During the 90s, it became all but impossible to visit Algeria. Reading Camus as a way in to this Algeria was simply a waste of time. This was a country dominated by terror as the hardline government fought a shadowy civil war against Islamist insurgents who sought to turn Algeria into "Iran on the Mediterranean".

Algerian Muslims were regularly massacred by Islamist and other unknown forces. Foreigners were declared enemies by the Islamists, targeted for execution. The government could not be trusted either. The only non-Algerians who braved the country were hardened war reporters such as Robert Fisk, who described disguising his European face with a newspaper when travelling by car in Algiers and staying no more than four minutes in a street or a shop – the minimum time, he decided, for kidnappers to spot a European. In Algiers in the mid-90s, in this formerly most cosmopolitan of cities, an hour or so's flight from the French mainland, for Algerians and Europeans kidnap and murder were only ever a matter of minutes away.

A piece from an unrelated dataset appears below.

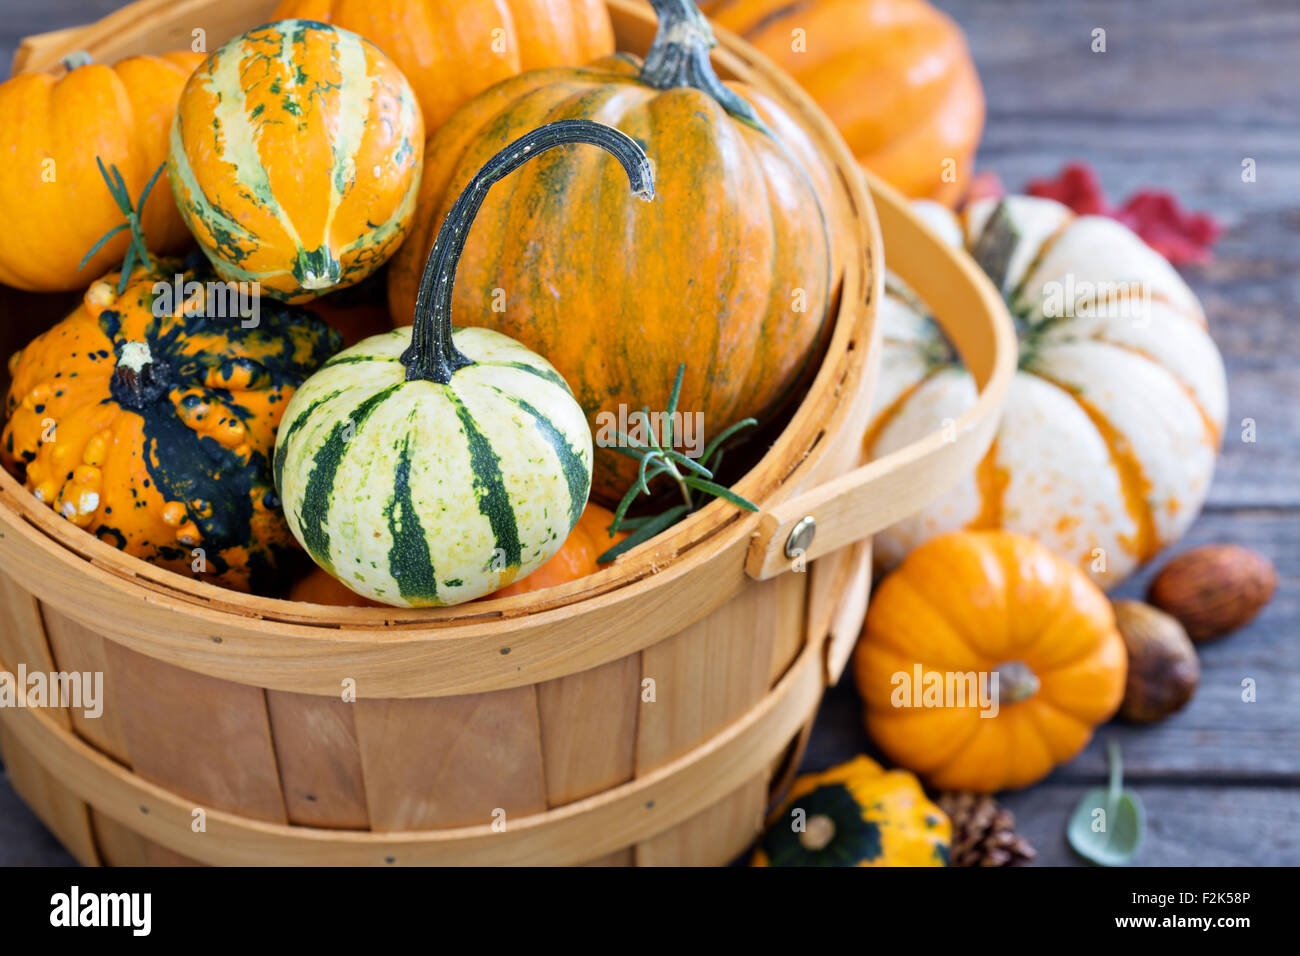 Pumpkins and variety of squash in a harvest basket Stock Photo

Andrew Hussey at a north African cafe in Paris Andrew Hussey, centre, at a north African cafe in the Parisian district of Barbes. Photograph: Franck Ferville for the Observer
  When I finally arrived in Algiers for the first time in 2009, the city I found was not like this. The ceasefire and amnesty had been in place for several years, although as recently as 2007 there had been a wave of deadly bombings and assassinations. But although you no longer had to hide your status as a European, the city was still tense. On the drive from the airport, I passed no fewer than six police or military checkpoints, all manned by heavily armed men. It was getting dark and Algiers was emptying out for the night. During the long nightmare of the 1990s, nobody had dared to be out of doors after dark and the habit remained.

As we drove against the rush-hour traffic towards my hotel in the centre, you could see that, along with Marseilles, Naples, Barcelona or Beirut, this was one of the great Mediterranean cities; in the dusk, I could still make out the pine forests of the surrounding hills and the magnificent dark-blue sweep of the bay. Unlike any of her sister cities, however, with maybe the exception of Gaza, Algiers went into lockdown at the first shadows of evening.

Over the next few days, I crawled all over the city, walking the boulevards, climbing steep streets and staring out at the sea from the heights. I spoke to everyone I could – teachers, shopkeepers, students, journalists, political activists. They were all remarkably frank, breathless and impatient to tell their stories to an outsider. Their suffering during the years of Islamist terror had been incalculable. An elegant university lecturer, a specialist in Marxism and feminism, told me how she went every day to classes at the university, driving past the headless corpses that were regularly pinned to the gates of the institute. A journalist recalled for me the vicious paranoia of everyday life in Algiers in the 90s, and how, as he walked down the street, bearded young men he did not know would hiss at him and make a throat-slitting gesture.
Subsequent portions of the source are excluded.